The accept_offer method is the single SDP entry point. Internally it sets the remote description, generates the answer, sets the local description, and waits for ICE gathering to complete (so the operator can copy a fully-resolved SDP — the LAN assumption means trickle ICE isn't necessary for MVP; we can add it later).

Video pump details¶

Consumes EncodedFrames and writes RTP packets:

async fn run_video_pump(
    rx: mpsc::Receiver<EncodedFrame>,
    track: Arc<TrackLocalStaticRTP>,
    payloader: H264Payloader,
    clock_rate: u32,            // 90_000 for video
) -> Result<()> {
    let mut seq: u16 = rand::random();
    let mut frame_count: u64 = 0;
    while let Some(frame) = rx.recv().await {
        // Convert wall-clock timestamp_us to RTP timestamp:
        // rtp_ts = (timestamp_us * clock_rate) / 1_000_000
        let rtp_ts = ((frame.timestamp_us as u128) * (clock_rate as u128)
            / 1_000_000u128) as u32;

        for annex_b_nal in &frame.nal_units {
            // Strip the 4-byte Annex-B start code. (Phase 2
            // step 2b normalises every NAL to a 4-byte start
            // code prefix.)
            let raw_nal = &annex_b_nal[4..];
            let payloads = payloader.payload(MTU, &Bytes::copy_from_slice(raw_nal))?;
            // Phase 2 step 2e established that SPS/PPS produce
            // 0 payloads (cached and bundled into a STAP-A on
            // the next non-parameter NAL). That's fine; we
            // just skip empty payload sets.
            for payload in payloads {
                let pkt = rtp::packet::Packet {
                    header: rtp::header::Header {
                        version: 2,
                        padding: false,
                        extension: false,
                        marker: /* set on last packet of a frame */,
                        payload_type: H264_PAYLOAD_TYPE,
                        sequence_number: seq,
                        timestamp: rtp_ts,
                        ssrc: VIDEO_SSRC,
                        ..Default::default()
                    },
                    payload,
                };
                seq = seq.wrapping_add(1);
                track.write_rtp(&pkt).await?;
            }
        }
        frame_count += 1;
    }
    Ok(())
}

The marker bit on the last RTP packet of a frame is important for receiver pacing — the decoder uses it to know when a frame is complete. The pump needs to set marker = true on the last packet of each frame's NALs. Easiest way: collect all packets for one frame first, then iterate and set marker on the last one before sending.

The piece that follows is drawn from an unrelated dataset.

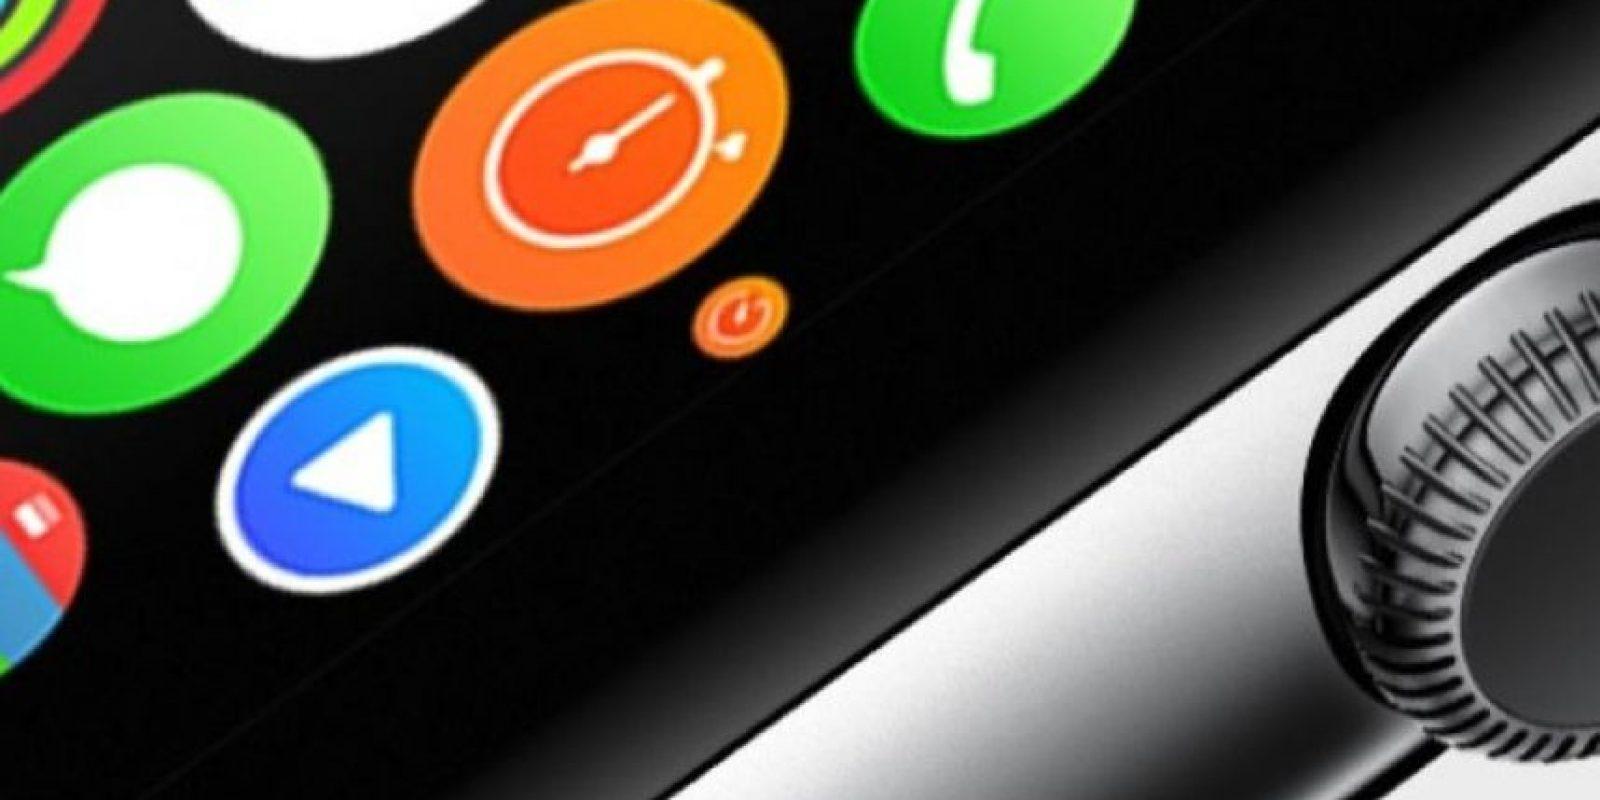 La edición básica del Apple Watch cuesta 349 dólares, pero su costo de fabricación es mucho menor. Foto:Apple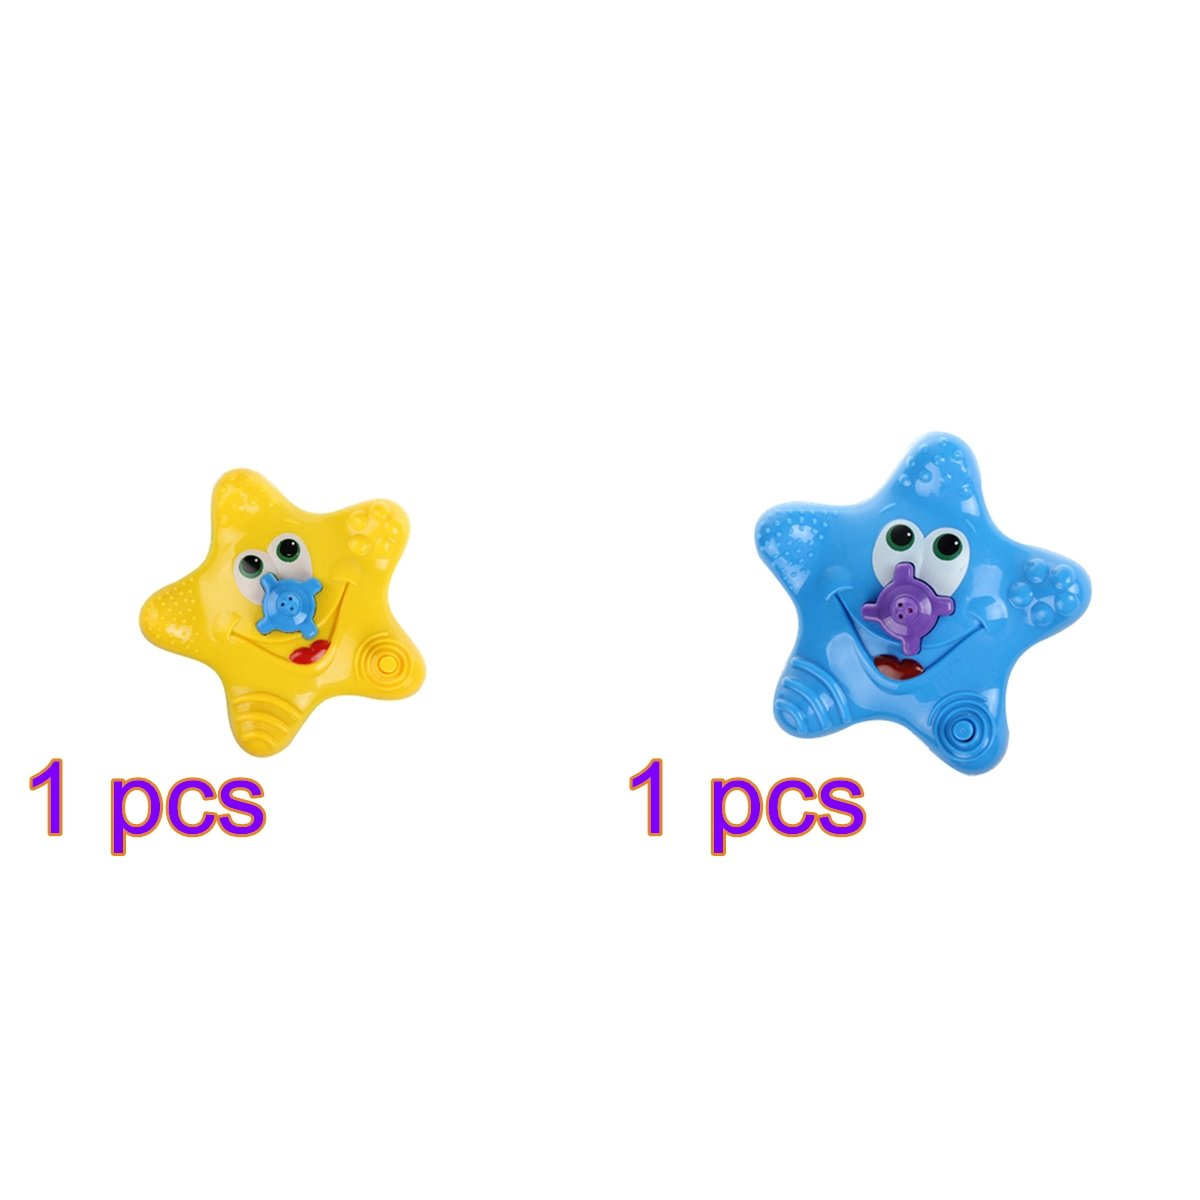 Lulalula Lulalula - 2 juguetes de ducha flotantes para bebé, diseño de estrella de mar

H264_PAYLOAD_TYPE and VIDEO_SSRC values: pick consistent defaults. The webrtc-rs MediaEngine has helpers to register codec-to-payload-type mappings; use those rather than hardcoding.

Audio pump (synthetic) details¶

Phase 3's audio pump generates a 440 Hz sine wave at 48 kHz, encodes via audiopus (or opus crate), and writes Opus RTP packets at 50 fps (20 ms per packet, the Opus default). This verifies the audio track negotiates and packets flow.

Phase 5 replaces this with a real Opus passthrough from SPICE's playback channel — which is exactly the same Arc<TrackLocalStaticRTP> consumer, just with a different upstream source. So the synthetic pump's design is "close enough to the production interface that swapping the source later is mechanical".

Datachannel details¶

Single ordered + reliable channel labelled "control". MTU defaults to 16 KB (browser default; webrtc-rs follows). Phase 3 round-trips ping/pong as a smoke test; Phase 5 carries real payloads (input events, cursor overlay updates).

The RTCDataChannel::on_message callback feeds an mpsc::Sender<Vec<u8>> so the consumer can recv messages async-style. send_control(&[u8]) calls RTCDataChannel::send.

Keyframe-on-attach signal¶

Two triggers:

PC connection state transition to Connected: register pc.on_peer_connection_state_change(...). When state becomes Connected, send EncoderControl::RequestKeyframe.
RTCP PLI (Picture Loss Indication): webrtc-rs delivers incoming RTCP via pc.on_rtcp_packet (or similar — verify API). When a PLI arrives, send EncoderControl::RequestKeyframe.

Both go through the same encoder_control: mpsc::Sender<EncoderControl> that the bridge holds. The receiver was already wired up by the EncoderTask::spawn(..., control_rx, ...) call in Phase 2.

For Phase 3 the connect-transition signal is enough to verify in tests; the PLI handler can be stubbed (just register the callback so we know where it goes; emit a TODO comment if the RTCP plumbing in webrtc-rs isn't easy to reach without more groundwork).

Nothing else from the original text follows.